- **TASK DESCRIPTION**: Copy each line below exactly as it appears. Pictures are to be omitted.

- **EXERCISE DATA**:

______

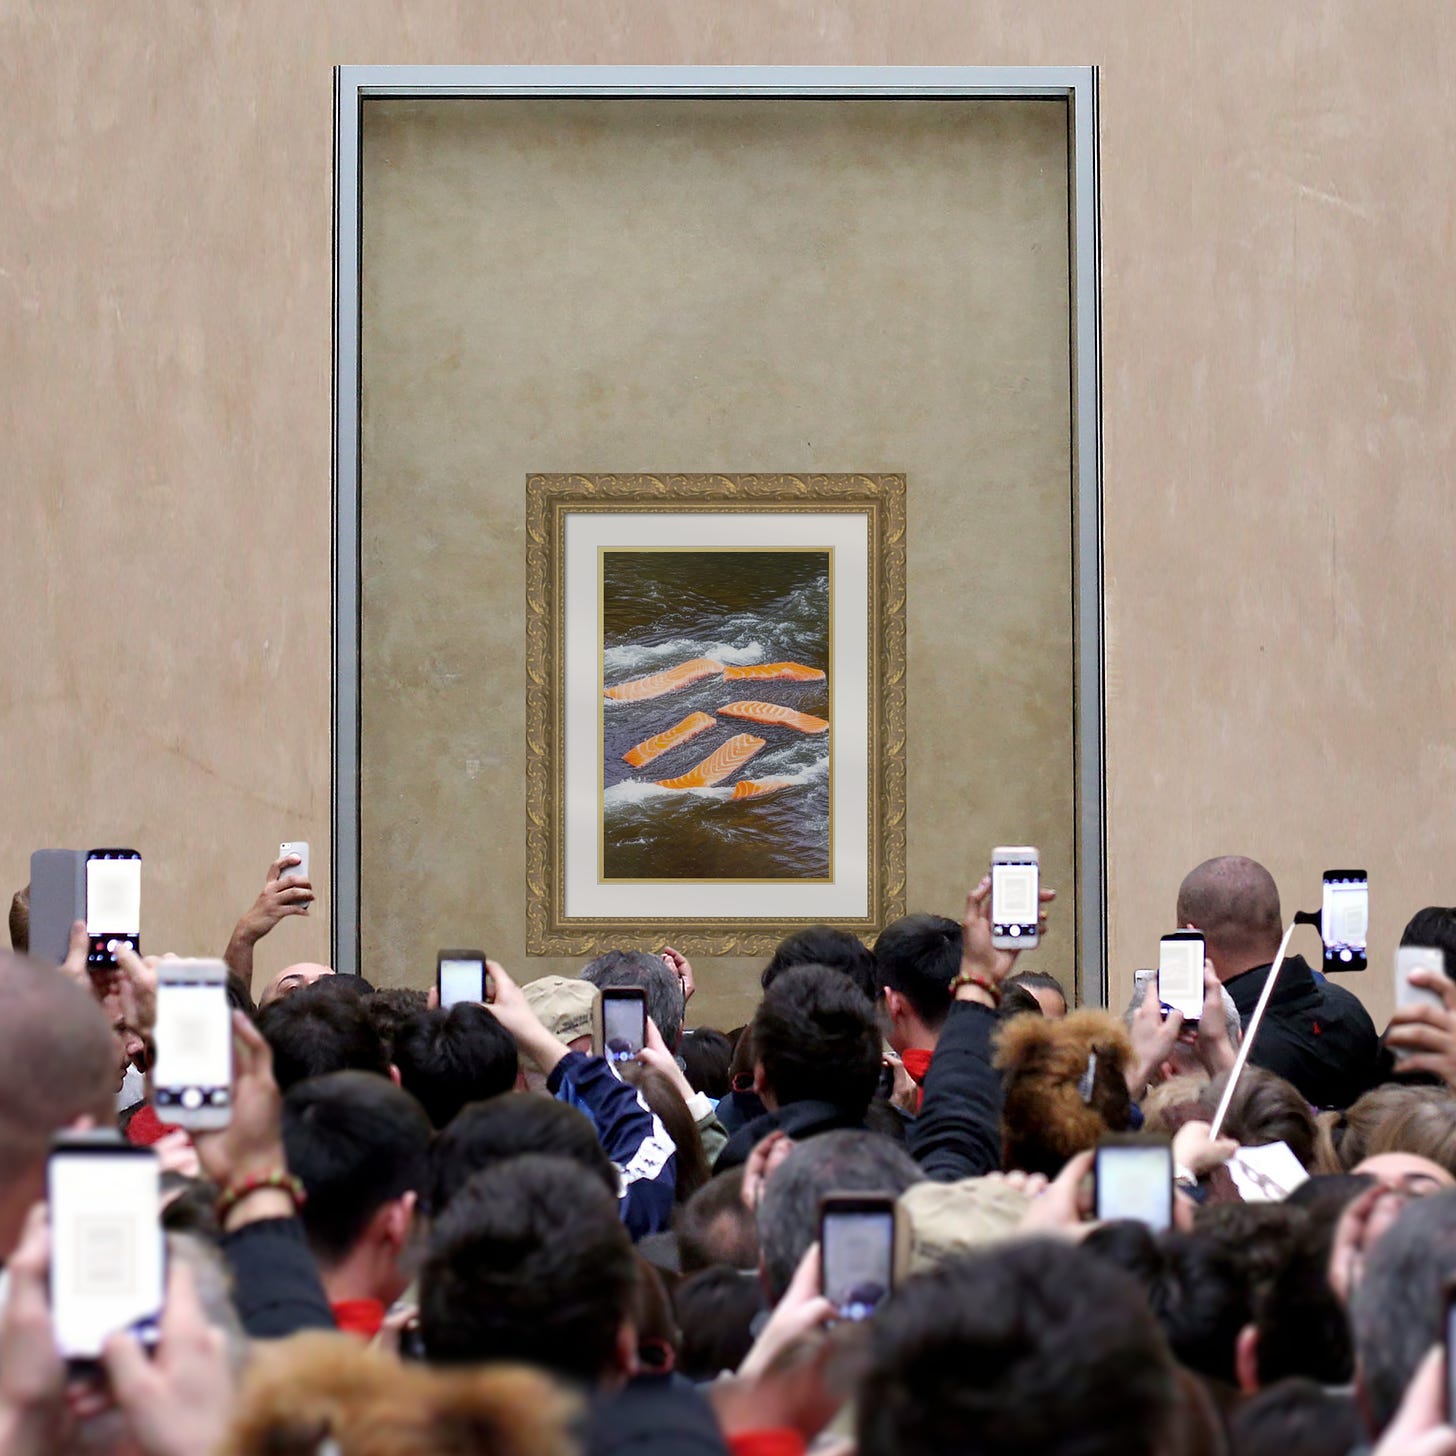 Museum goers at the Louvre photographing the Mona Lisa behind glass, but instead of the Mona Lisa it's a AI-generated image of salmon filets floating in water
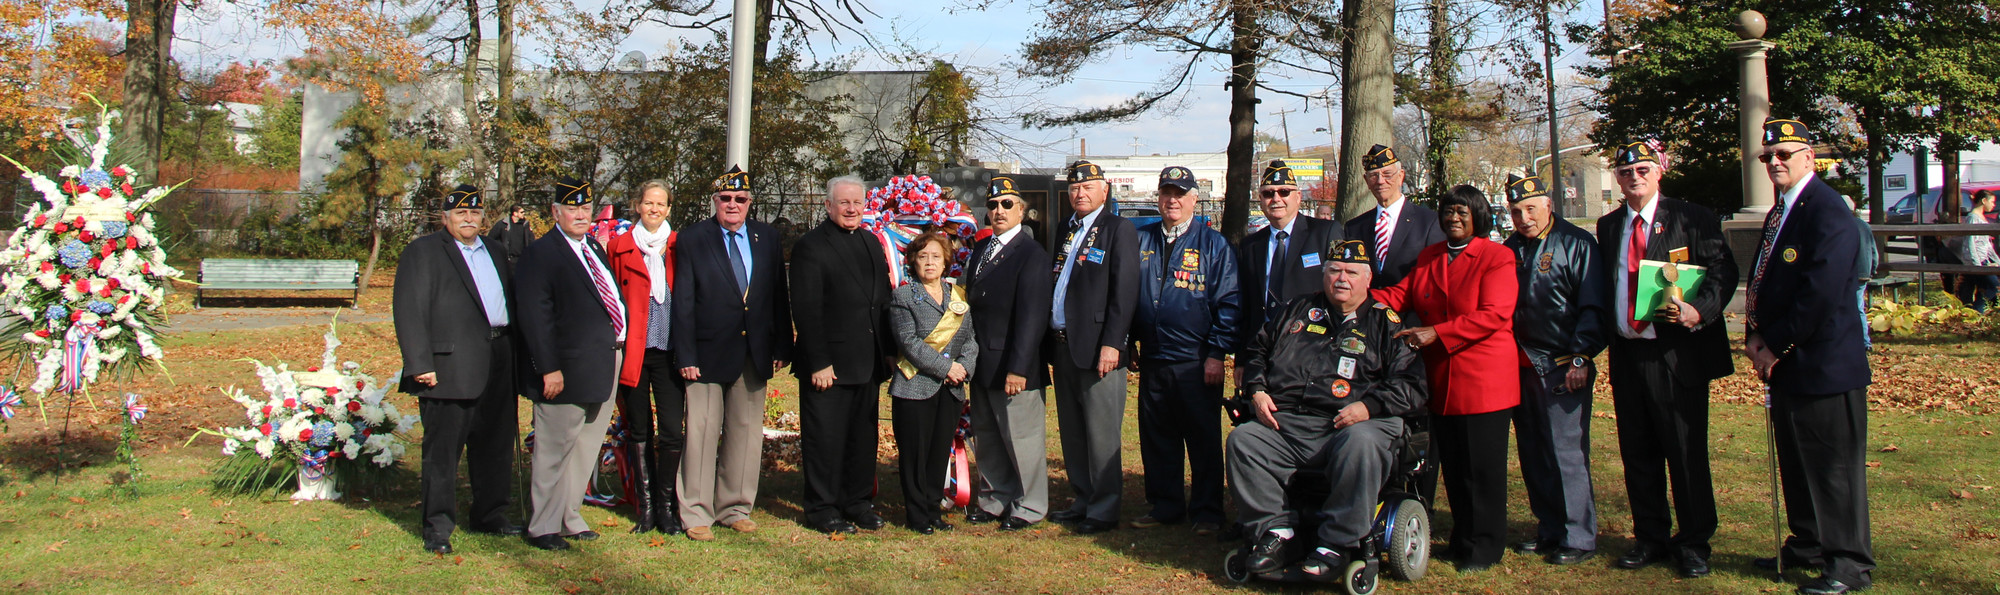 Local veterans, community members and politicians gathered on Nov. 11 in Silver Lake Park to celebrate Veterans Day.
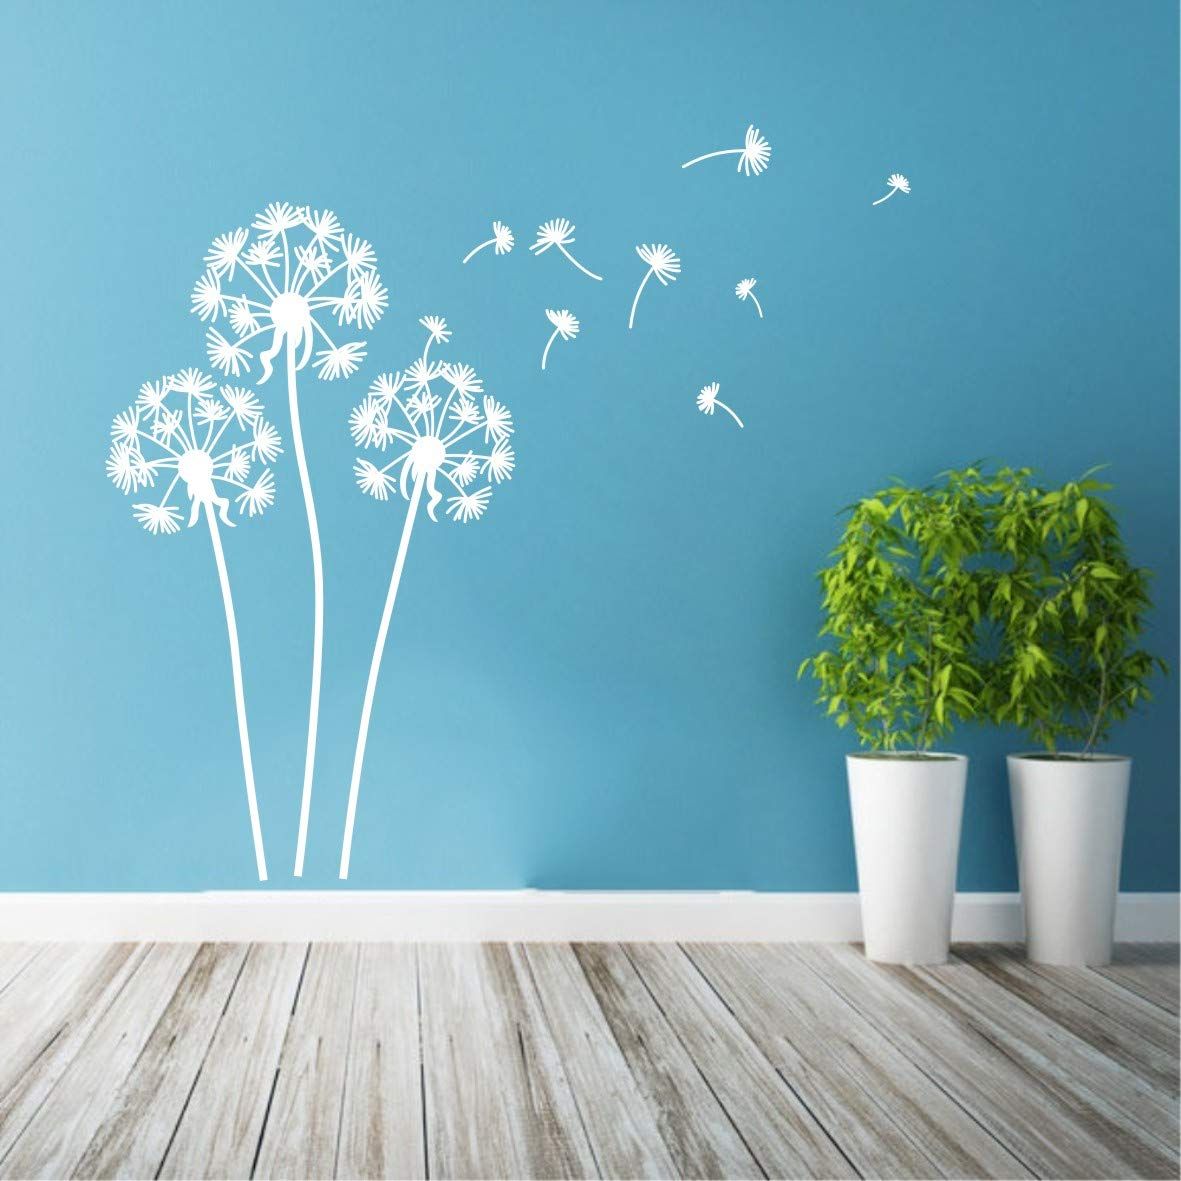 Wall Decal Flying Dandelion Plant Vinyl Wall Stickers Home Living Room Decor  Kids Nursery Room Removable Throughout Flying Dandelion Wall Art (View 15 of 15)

______

- **EXERCISE RESULT**:
 Museum goers at the Louvre photographing the Mona Lisa behind glass, but instead of the Mona Lisa it's a AI-generated image of salmon filets floating in water
 Local veterans, community members and politicians gathered on Nov. 11 in Silver Lake Park to celebrate Veterans Day.
 Wall Decal Flying Dandelion Plant Vinyl Wall Stickers Home Living Room Decor  Kids Nursery Room Removable Throughout Flying Dandelion Wall Art (View 15 of 15)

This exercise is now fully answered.